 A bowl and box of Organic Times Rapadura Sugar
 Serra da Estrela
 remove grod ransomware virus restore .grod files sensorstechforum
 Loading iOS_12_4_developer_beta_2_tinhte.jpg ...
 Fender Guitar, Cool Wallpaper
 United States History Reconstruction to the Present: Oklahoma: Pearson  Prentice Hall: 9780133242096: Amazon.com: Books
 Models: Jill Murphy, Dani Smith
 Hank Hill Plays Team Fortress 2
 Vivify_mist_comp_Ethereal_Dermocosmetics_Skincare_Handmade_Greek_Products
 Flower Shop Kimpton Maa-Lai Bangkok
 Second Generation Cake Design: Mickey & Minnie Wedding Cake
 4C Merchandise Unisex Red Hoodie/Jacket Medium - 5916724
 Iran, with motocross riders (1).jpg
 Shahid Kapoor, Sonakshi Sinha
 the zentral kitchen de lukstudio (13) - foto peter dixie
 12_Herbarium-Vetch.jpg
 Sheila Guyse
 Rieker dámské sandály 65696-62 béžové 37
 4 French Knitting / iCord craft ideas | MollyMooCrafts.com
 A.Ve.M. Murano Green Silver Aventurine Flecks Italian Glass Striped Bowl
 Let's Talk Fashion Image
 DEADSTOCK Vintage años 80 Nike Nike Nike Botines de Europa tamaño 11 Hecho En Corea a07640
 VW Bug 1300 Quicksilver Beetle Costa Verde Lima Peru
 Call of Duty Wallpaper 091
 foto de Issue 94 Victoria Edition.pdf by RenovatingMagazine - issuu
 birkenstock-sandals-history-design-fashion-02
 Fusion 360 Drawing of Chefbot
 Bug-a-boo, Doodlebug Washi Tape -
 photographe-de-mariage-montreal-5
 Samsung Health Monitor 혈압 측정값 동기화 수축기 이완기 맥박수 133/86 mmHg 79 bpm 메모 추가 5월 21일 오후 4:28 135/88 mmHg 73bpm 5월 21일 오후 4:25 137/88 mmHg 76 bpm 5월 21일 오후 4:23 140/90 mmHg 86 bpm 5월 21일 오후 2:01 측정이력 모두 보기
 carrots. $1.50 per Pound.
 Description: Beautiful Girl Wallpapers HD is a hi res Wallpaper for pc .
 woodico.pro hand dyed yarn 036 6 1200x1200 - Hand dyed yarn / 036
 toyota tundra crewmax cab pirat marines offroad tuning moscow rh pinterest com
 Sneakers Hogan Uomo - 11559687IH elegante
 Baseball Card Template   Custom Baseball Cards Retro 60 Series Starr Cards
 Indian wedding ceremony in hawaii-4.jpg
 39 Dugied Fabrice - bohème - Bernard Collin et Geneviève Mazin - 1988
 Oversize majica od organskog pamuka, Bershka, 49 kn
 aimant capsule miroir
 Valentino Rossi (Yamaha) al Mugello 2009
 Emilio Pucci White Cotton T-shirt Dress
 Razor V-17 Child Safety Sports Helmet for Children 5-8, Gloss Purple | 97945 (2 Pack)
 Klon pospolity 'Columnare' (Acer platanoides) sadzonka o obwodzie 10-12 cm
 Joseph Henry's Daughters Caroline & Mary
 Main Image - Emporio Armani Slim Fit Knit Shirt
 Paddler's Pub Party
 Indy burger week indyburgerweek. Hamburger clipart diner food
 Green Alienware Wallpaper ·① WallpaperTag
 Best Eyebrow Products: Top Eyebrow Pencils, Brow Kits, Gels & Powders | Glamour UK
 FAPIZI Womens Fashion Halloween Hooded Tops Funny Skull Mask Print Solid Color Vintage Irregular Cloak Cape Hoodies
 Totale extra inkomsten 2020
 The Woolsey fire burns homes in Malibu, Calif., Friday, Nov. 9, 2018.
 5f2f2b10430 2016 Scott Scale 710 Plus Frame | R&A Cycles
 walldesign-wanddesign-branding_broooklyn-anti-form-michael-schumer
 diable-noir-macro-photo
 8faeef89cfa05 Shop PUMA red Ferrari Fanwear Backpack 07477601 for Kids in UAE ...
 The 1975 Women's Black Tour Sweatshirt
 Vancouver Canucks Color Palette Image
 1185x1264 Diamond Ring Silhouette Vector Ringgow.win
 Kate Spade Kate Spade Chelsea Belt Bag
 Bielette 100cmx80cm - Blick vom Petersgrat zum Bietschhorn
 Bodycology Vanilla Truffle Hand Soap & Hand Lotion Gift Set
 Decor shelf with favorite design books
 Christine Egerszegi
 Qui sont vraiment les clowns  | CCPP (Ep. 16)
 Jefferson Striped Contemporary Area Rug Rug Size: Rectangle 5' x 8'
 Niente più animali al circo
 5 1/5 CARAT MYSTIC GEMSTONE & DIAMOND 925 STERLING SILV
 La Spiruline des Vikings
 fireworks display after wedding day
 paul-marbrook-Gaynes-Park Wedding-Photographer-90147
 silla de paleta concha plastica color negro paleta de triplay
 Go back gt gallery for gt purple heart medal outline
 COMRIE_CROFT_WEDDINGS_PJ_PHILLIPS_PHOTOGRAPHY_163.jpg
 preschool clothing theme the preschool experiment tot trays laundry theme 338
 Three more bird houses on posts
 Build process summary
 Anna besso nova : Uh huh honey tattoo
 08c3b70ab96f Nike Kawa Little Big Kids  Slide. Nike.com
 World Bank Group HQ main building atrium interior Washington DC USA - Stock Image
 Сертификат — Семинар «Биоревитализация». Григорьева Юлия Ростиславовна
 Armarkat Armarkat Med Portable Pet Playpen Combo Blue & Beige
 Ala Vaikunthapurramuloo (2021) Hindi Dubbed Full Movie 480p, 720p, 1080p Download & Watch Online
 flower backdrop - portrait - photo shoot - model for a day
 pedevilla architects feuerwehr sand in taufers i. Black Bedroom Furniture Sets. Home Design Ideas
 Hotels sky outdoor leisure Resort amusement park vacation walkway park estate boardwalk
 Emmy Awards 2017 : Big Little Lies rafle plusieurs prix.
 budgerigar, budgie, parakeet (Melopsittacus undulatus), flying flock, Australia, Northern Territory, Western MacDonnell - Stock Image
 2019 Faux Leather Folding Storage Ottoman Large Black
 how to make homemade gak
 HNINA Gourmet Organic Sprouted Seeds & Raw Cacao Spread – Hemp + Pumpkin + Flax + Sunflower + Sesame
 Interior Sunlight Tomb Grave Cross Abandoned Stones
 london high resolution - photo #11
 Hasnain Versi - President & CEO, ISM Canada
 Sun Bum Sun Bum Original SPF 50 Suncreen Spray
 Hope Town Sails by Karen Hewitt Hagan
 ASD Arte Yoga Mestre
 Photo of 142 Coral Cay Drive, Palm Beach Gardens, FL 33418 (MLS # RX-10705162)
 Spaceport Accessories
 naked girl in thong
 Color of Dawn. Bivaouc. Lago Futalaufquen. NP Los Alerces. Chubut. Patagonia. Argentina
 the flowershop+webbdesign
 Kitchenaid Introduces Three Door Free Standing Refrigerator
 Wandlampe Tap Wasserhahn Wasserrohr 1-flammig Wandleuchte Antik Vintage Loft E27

────────────────────

Print each record word for word.

 A bowl and box of Organic Times Rapadura Sugar
 Serra da Estrela
 remove grod ransomware virus restore .grod files sensorstechforum
 Loading iOS_12_4_developer_beta_2_tinhte.jpg ...
 Fender Guitar, Cool Wallpaper
 United States History Reconstruction to the Present: Oklahoma: Pearson  Prentice Hall: 9780133242096: Amazon.com: Books
 Models: Jill Murphy, Dani Smith
 Hank Hill Plays Team Fortress 2
 Vivify_mist_comp_Ethereal_Dermocosmetics_Skincare_Handmade_Greek_Products
 Flower Shop Kimpton Maa-Lai Bangkok
 Second Generation Cake Design: Mickey & Minnie Wedding Cake
 4C Merchandise Unisex Red Hoodie/Jacket Medium - 5916724
 Iran, with motocross riders (1).jpg
 Shahid Kapoor, Sonakshi Sinha
 the zentral kitchen de lukstudio (13) - foto peter dixie
 12_Herbarium-Vetch.jpg
 Sheila Guyse
 Rieker dámské sandály 65696-62 béžové 37
 4 French Knitting / iCord craft ideas | MollyMooCrafts.com
 A.Ve.M. Murano Green Silver Aventurine Flecks Italian Glass Striped Bowl
 Let's Talk Fashion Image
 DEADSTOCK Vintage años 80 Nike Nike Nike Botines de Europa tamaño 11 Hecho En Corea a07640
 VW Bug 1300 Quicksilver Beetle Costa Verde Lima Peru
 Call of Duty Wallpaper 091
 foto de Issue 94 Victoria Edition.pdf by RenovatingMagazine - issuu
 birkenstock-sandals-history-design-fashion-02
 Fusion 360 Drawing of Chefbot
 Bug-a-boo, Doodlebug Washi Tape -
 photographe-de-mariage-montreal-5
 Samsung Health Monitor 혈압 측정값 동기화 수축기 이완기 맥박수 133/86 mmHg 79 bpm 메모 추가 5월 21일 오후 4:28 135/88 mmHg 73bpm 5월 21일 오후 4:25 137/88 mmHg 76 bpm 5월 21일 오후 4:23 140/90 mmHg 86 bpm 5월 21일 오후 2:01 측정이력 모두 보기
 carrots. $1.50 per Pound.
 Description: Beautiful Girl Wallpapers HD is a hi res Wallpaper for pc .
 woodico.pro hand dyed yarn 036 6 1200x1200 - Hand dyed yarn / 036
 toyota tundra crewmax cab pirat marines offroad tuning moscow rh pinterest com
 Sneakers Hogan Uomo - 11559687IH elegante
 Baseball Card Template   Custom Baseball Cards Retro 60 Series Starr Cards
 Indian wedding ceremony in hawaii-4.jpg
 39 Dugied Fabrice - bohème - Bernard Collin et Geneviève Mazin - 1988
 Oversize majica od organskog pamuka, Bershka, 49 kn
 aimant capsule miroir
 Valentino Rossi (Yamaha) al Mugello 2009
 Emilio Pucci White Cotton T-shirt Dress
 Razor V-17 Child Safety Sports Helmet for Children 5-8, Gloss Purple | 97945 (2 Pack)
 Klon pospolity 'Columnare' (Acer platanoides) sadzonka o obwodzie 10-12 cm
 Joseph Henry's Daughters Caroline & Mary
 Main Image - Emporio Armani Slim Fit Knit Shirt
 Paddler's Pub Party
 Indy burger week indyburgerweek. Hamburger clipart diner food
 Green Alienware Wallpaper ·① WallpaperTag
 Best Eyebrow Products: Top Eyebrow Pencils, Brow Kits, Gels & Powders | Glamour UK
 FAPIZI Womens Fashion Halloween Hooded Tops Funny Skull Mask Print Solid Color Vintage Irregular Cloak Cape Hoodies
 Totale extra inkomsten 2020
 The Woolsey fire burns homes in Malibu, Calif., Friday, Nov. 9, 2018.
 5f2f2b10430 2016 Scott Scale 710 Plus Frame | R&A Cycles
 walldesign-wanddesign-branding_broooklyn-anti-form-michael-schumer
 diable-noir-macro-photo
 8faeef89cfa05 Shop PUMA red Ferrari Fanwear Backpack 07477601 for Kids in UAE ...
 The 1975 Women's Black Tour Sweatshirt
 Vancouver Canucks Color Palette Image
 1185x1264 Diamond Ring Silhouette Vector Ringgow.win
 Kate Spade Kate Spade Chelsea Belt Bag
 Bielette 100cmx80cm - Blick vom Petersgrat zum Bietschhorn
 Bodycology Vanilla Truffle Hand Soap & Hand Lotion Gift Set
 Decor shelf with favorite design books
 Christine Egerszegi
 Qui sont vraiment les clowns  | CCPP (Ep. 16)
 Jefferson Striped Contemporary Area Rug Rug Size: Rectangle 5' x 8'
 Niente più animali al circo
 5 1/5 CARAT MYSTIC GEMSTONE & DIAMOND 925 STERLING SILV
 La Spiruline des Vikings
 fireworks display after wedding day
 paul-marbrook-Gaynes-Park Wedding-Photographer-90147
 silla de paleta concha plastica color negro paleta de triplay
 Go back gt gallery for gt purple heart medal outline
 COMRIE_CROFT_WEDDINGS_PJ_PHILLIPS_PHOTOGRAPHY_163.jpg
 preschool clothing theme the preschool experiment tot trays laundry theme 338
 Three more bird houses on posts
 Build process summary
 Anna besso nova : Uh huh honey tattoo
 08c3b70ab96f Nike Kawa Little Big Kids  Slide. Nike.com
 World Bank Group HQ main building atrium interior Washington DC USA - Stock Image
 Сертификат — Семинар «Биоревитализация». Григорьева Юлия Ростиславовна
 Armarkat Armarkat Med Portable Pet Playpen Combo Blue & Beige
 Ala Vaikunthapurramuloo (2021) Hindi Dubbed Full Movie 480p, 720p, 1080p Download & Watch Online
 flower backdrop - portrait - photo shoot - model for a day
 pedevilla architects feuerwehr sand in taufers i. Black Bedroom Furniture Sets. Home Design Ideas
 Hotels sky outdoor leisure Resort amusement park vacation walkway park estate boardwalk
 Emmy Awards 2017 : Big Little Lies rafle plusieurs prix.
 budgerigar, budgie, parakeet (Melopsittacus undulatus), flying flock, Australia, Northern Territory, Western MacDonnell - Stock Image
 2019 Faux Leather Folding Storage Ottoman Large Black
 how to make homemade gak
 HNINA Gourmet Organic Sprouted Seeds & Raw Cacao Spread – Hemp + Pumpkin + Flax + Sunflower + Sesame
 Interior Sunlight Tomb Grave Cross Abandoned Stones
 london high resolution - photo #11
 Hasnain Versi - President & CEO, ISM Canada
 Sun Bum Sun Bum Original SPF 50 Suncreen Spray
 Hope Town Sails by Karen Hewitt Hagan
 ASD Arte Yoga Mestre
 Photo of 142 Coral Cay Drive, Palm Beach Gardens, FL 33418 (MLS # RX-10705162)
 Spaceport Accessories
 naked girl in thong
 Color of Dawn. Bivaouc. Lago Futalaufquen. NP Los Alerces. Chubut. Patagonia. Argentina
 the flowershop+webbdesign
 Kitchenaid Introduces Three Door Free Standing Refrigerator
 Wandlampe Tap Wasserhahn Wasserrohr 1-flammig Wandleuchte Antik Vintage Loft E27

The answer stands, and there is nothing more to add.